Equation: $y = 5x + 60$
Context: x = hours studied, y = test score

Slope interpretation:
For every additional hour studied, test score increases by 5 points on average.

Y-intercept interpretation:
A student who studies 0 hours would be expected to score 60 points.

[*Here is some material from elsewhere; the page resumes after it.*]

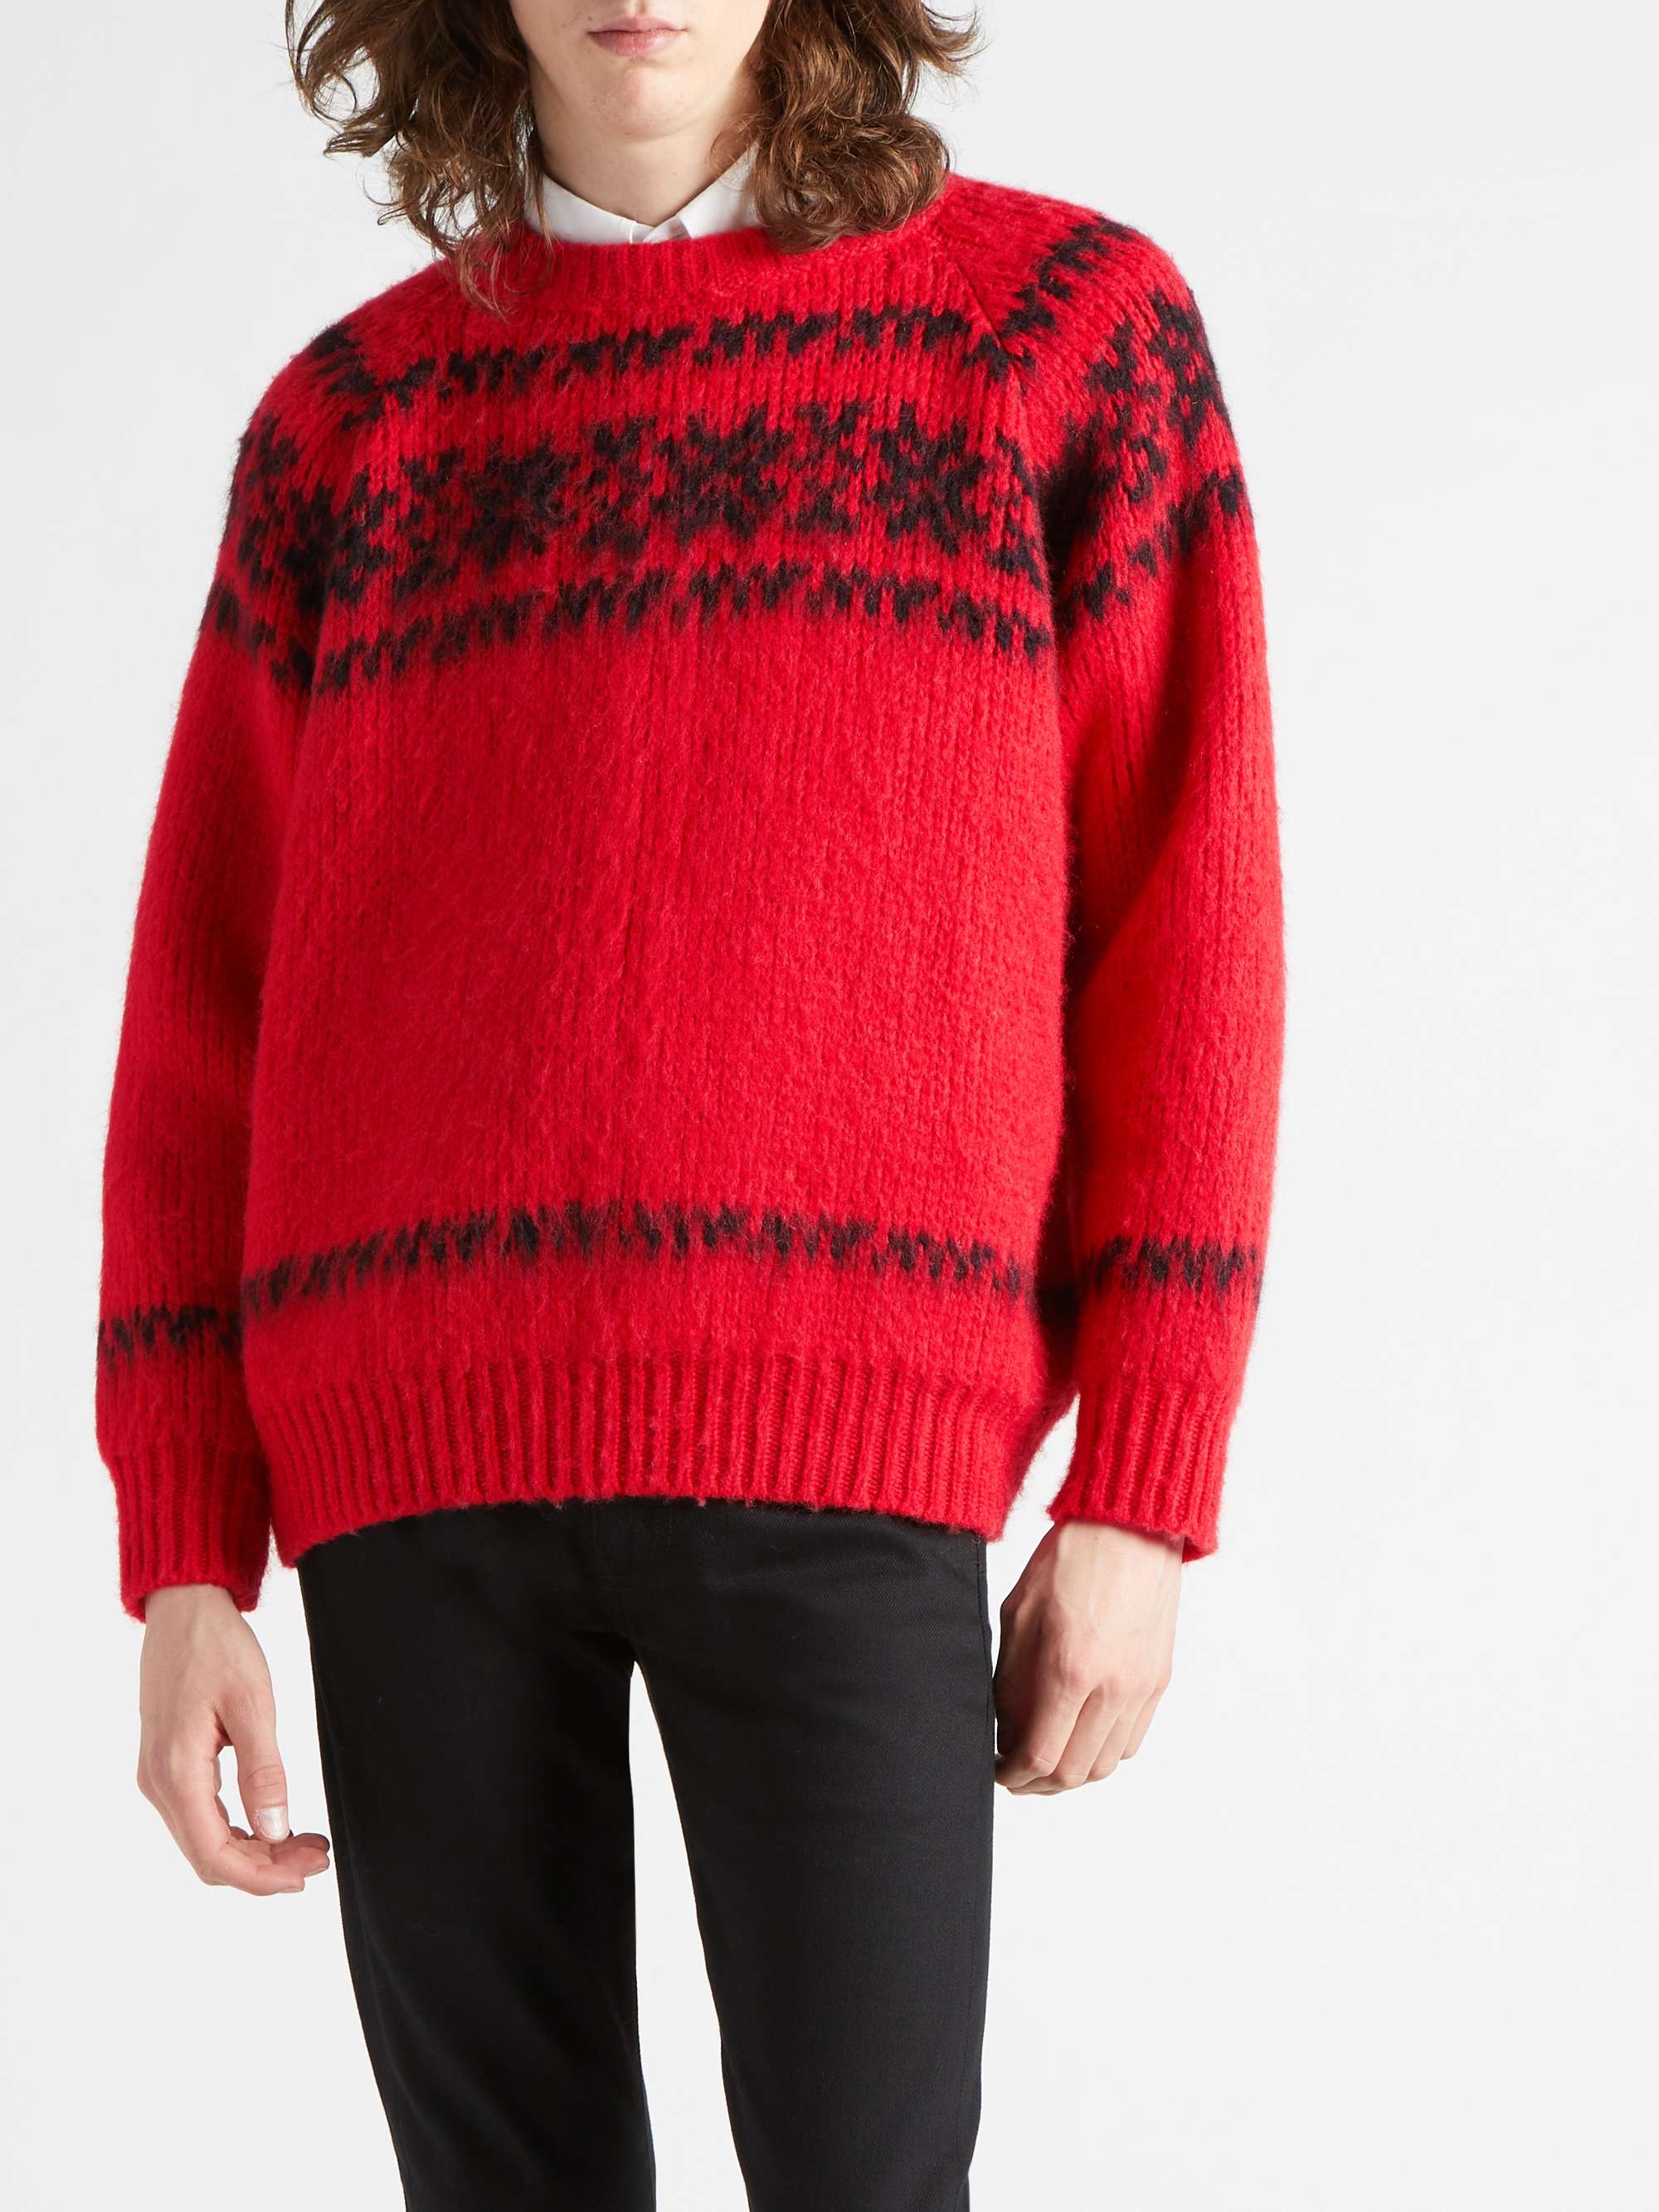 CELINE HOMME Fair Isle Wool-Jacquard Sweater
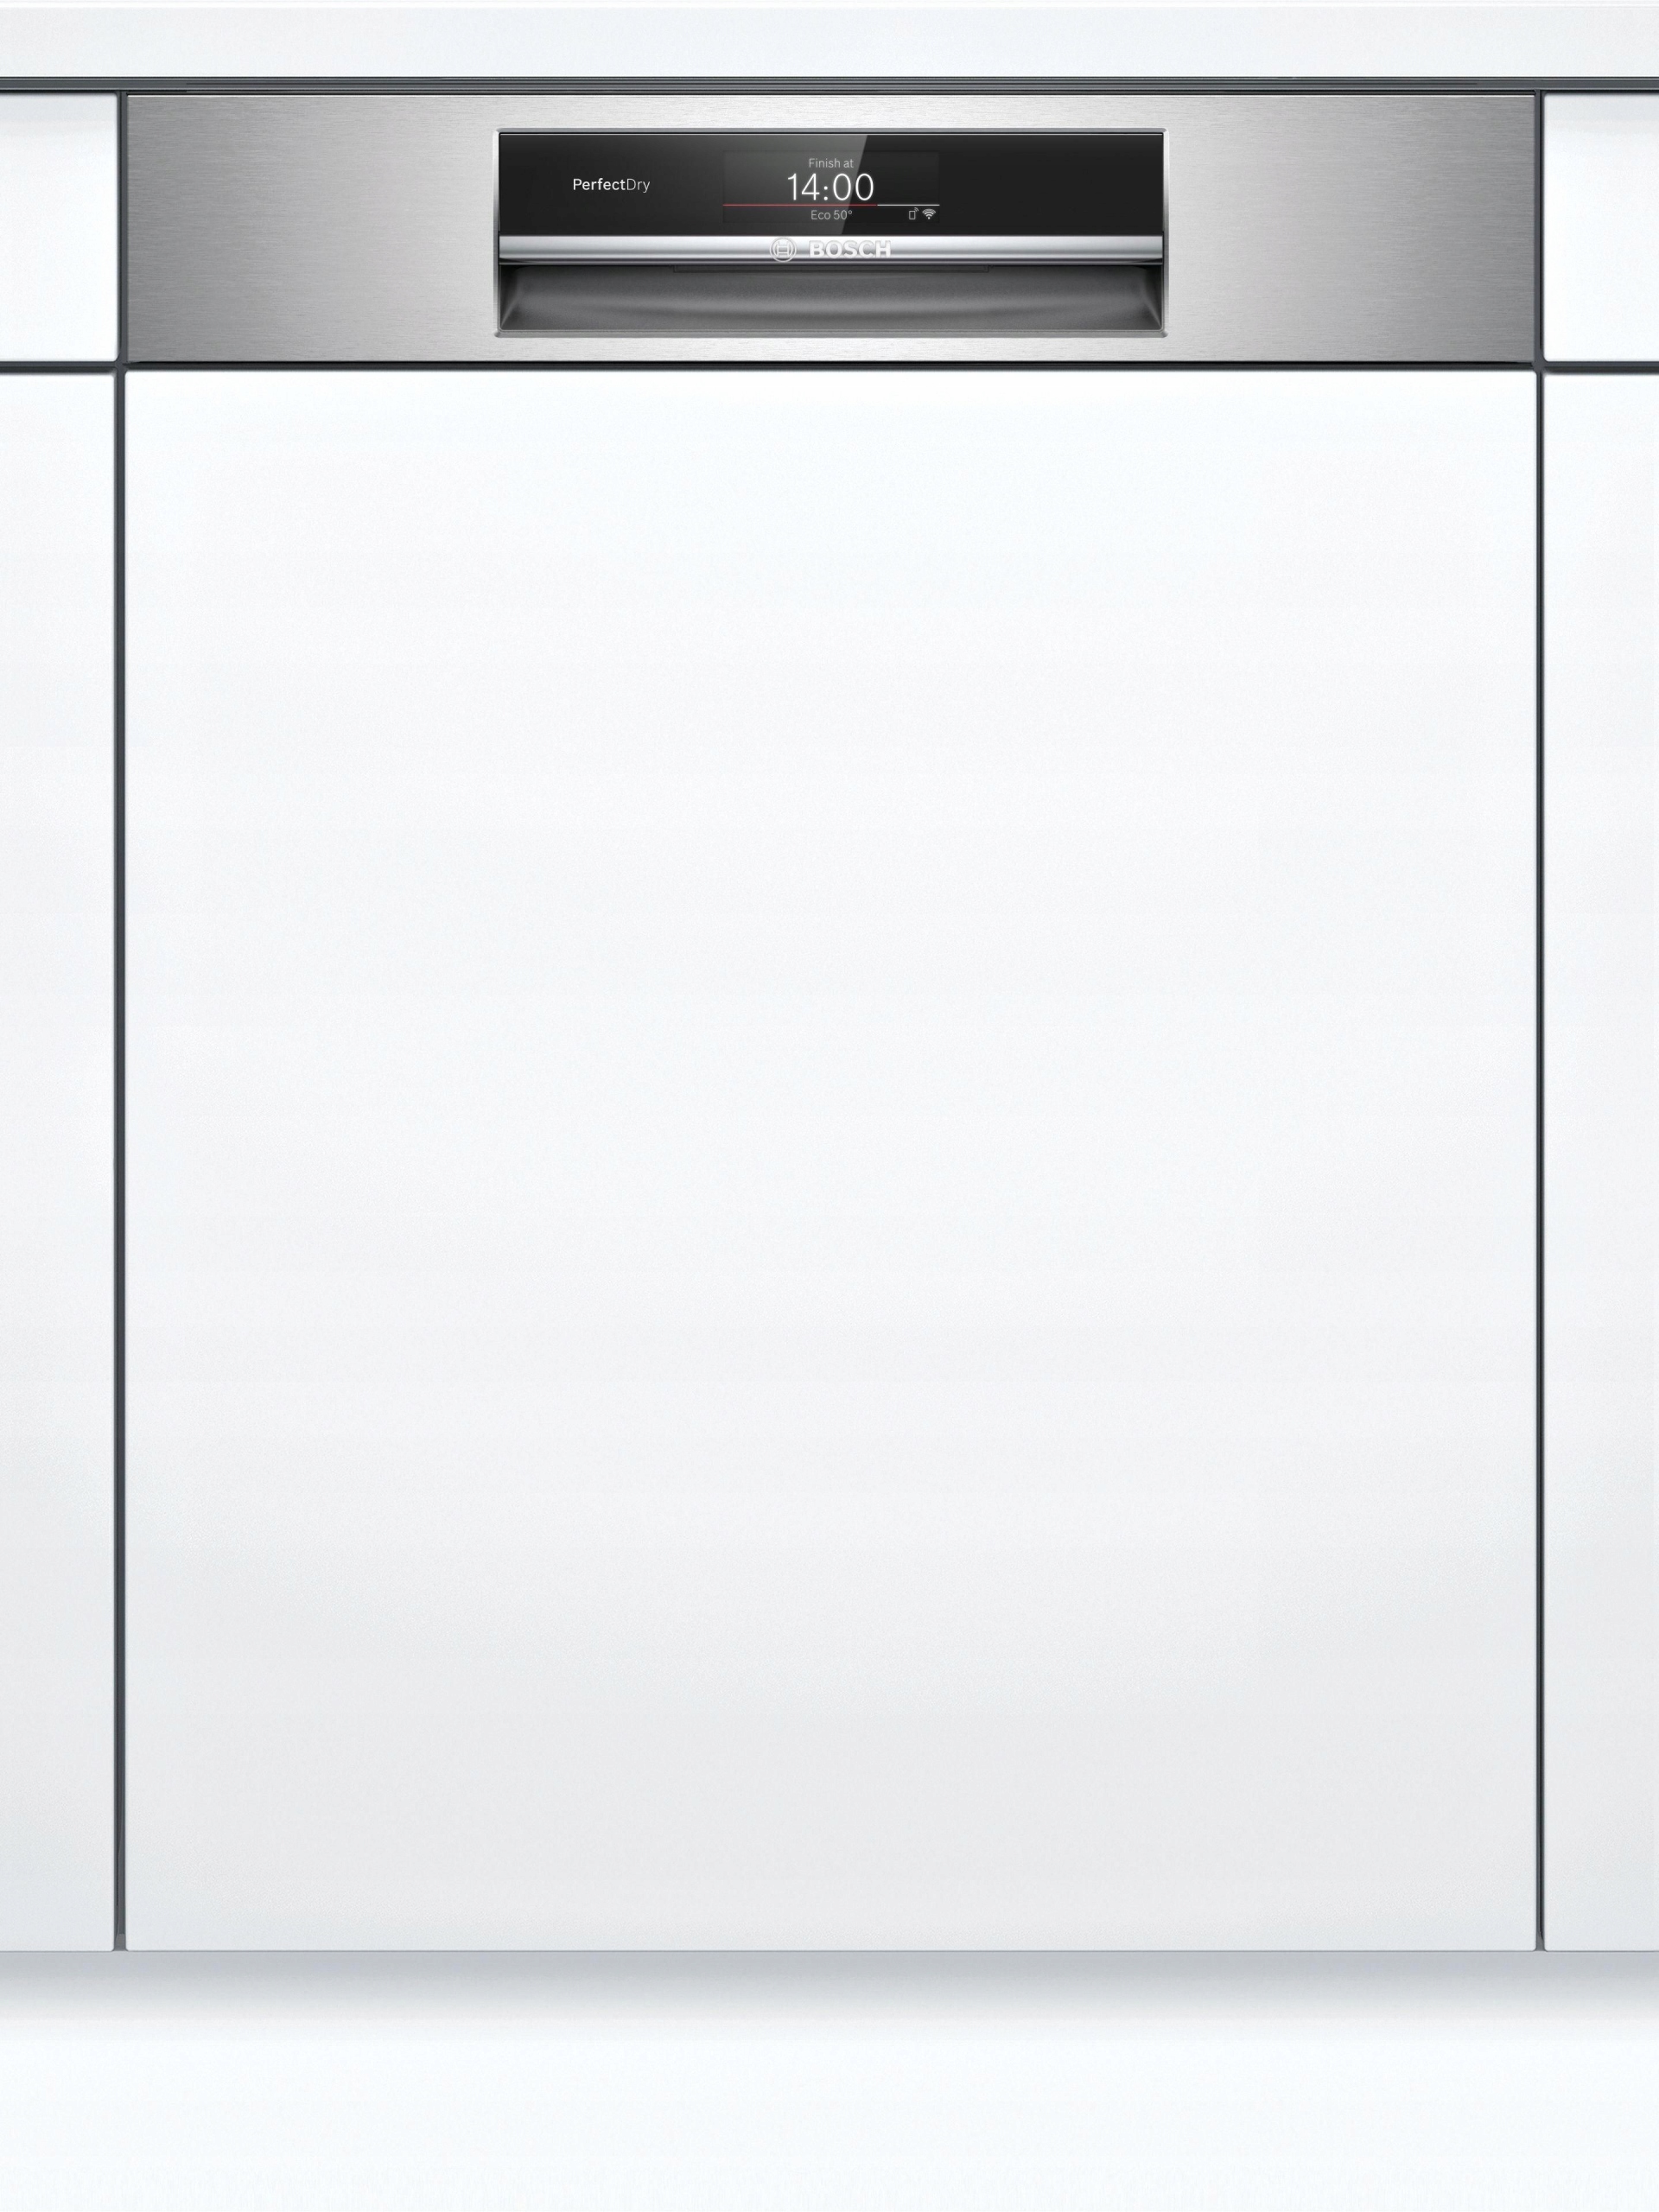 Встроенные посудомойки бош 60 см. Посудомоечная машина Bosch SMI 25as02 e. Встраиваемая посудомоечная машина Bosch smi50d05tr. Посудомоечная машина Bosch SPI 69t35. Посудомоечная машина Siemens SN 536s03 ie.

Prediction: If a student studies 8 hours:
$y = 5(8) + 60 = 40 + 60 = 100$ points

7-9. Find, Interpret, and Analyze Regression Lines

Regression Line: The line of best fit calculated using least squares method
Least Squares: Minimizes sum of squared vertical distances from points to line
Also called: Linear regression, least squares regression line (LSRL)
Linear Regression Formulas:

Slope:
$$m = \frac{n\sum xy - (\sum x)(\sum y)}{n\sum x^2 - (\sum x)^2}$$

Or using means:
$$m = r \cdot \frac{s_y}{s_x}$$

Y-intercept:
$$b = \bar{y} - m\bar{x}$$

where:
• $\bar{x}$ = mean of x-values
• $\bar{y}$ = mean of y-values
• $s_x$ = standard deviation of x
• $s_y$ = standard deviation of y
• $r$ = correlation coefficient

Regression Equation:
$$\hat{y} = mx + b$$
(hat symbol indicates predicted value)
Example 1: Find regression equation

Given data: (2, 3), (4, 5), (6, 7), (8, 10)

Calculate means:
$\bar{x} = \frac{2+4+6+8}{4} = 5$
$\bar{y} = \frac{3+5+7+10}{4} = 6.25$

Use table from earlier:
$\sum xy = 146$, $\sum x^2 = 120$, $n = 4$

Calculate slope:
$$m = \frac{4(146) - (20)(25)}{4(120) - 400} = \frac{584 - 500}{480 - 400} = \frac{84}{80} = 1.05$$

Calculate y-intercept:
$$b = 6.25 - 1.05(5) = 6.25 - 5.25 = 1$$

Regression equation: $\hat{y} = 1.05x + 1$

Analyzing Regression Lines

Key Concepts:

Residual: Difference between actual and predicted value
$$\text{Residual} = y - \hat{y}$$

Positive residual: Actual value above prediction
Negative residual: Actual value below prediction

Coefficient of Determination ($r^2$):
• Square of correlation coefficient
• Represents proportion of variation in y explained by x
• Range: 0 to 1
• Example: $r^2 = 0.81$ means 81% of variation in y is explained by x
Example 2: Calculate and interpret residual

Regression equation: $\hat{y} = 2x + 3$
Actual data point: (5, 15)

Predicted value:
$\hat{y} = 2(5) + 3 = 13$

Residual:
$15 - 13 = 2$

Interpretation: The actual y-value is 2 units higher than predicted by the regression line.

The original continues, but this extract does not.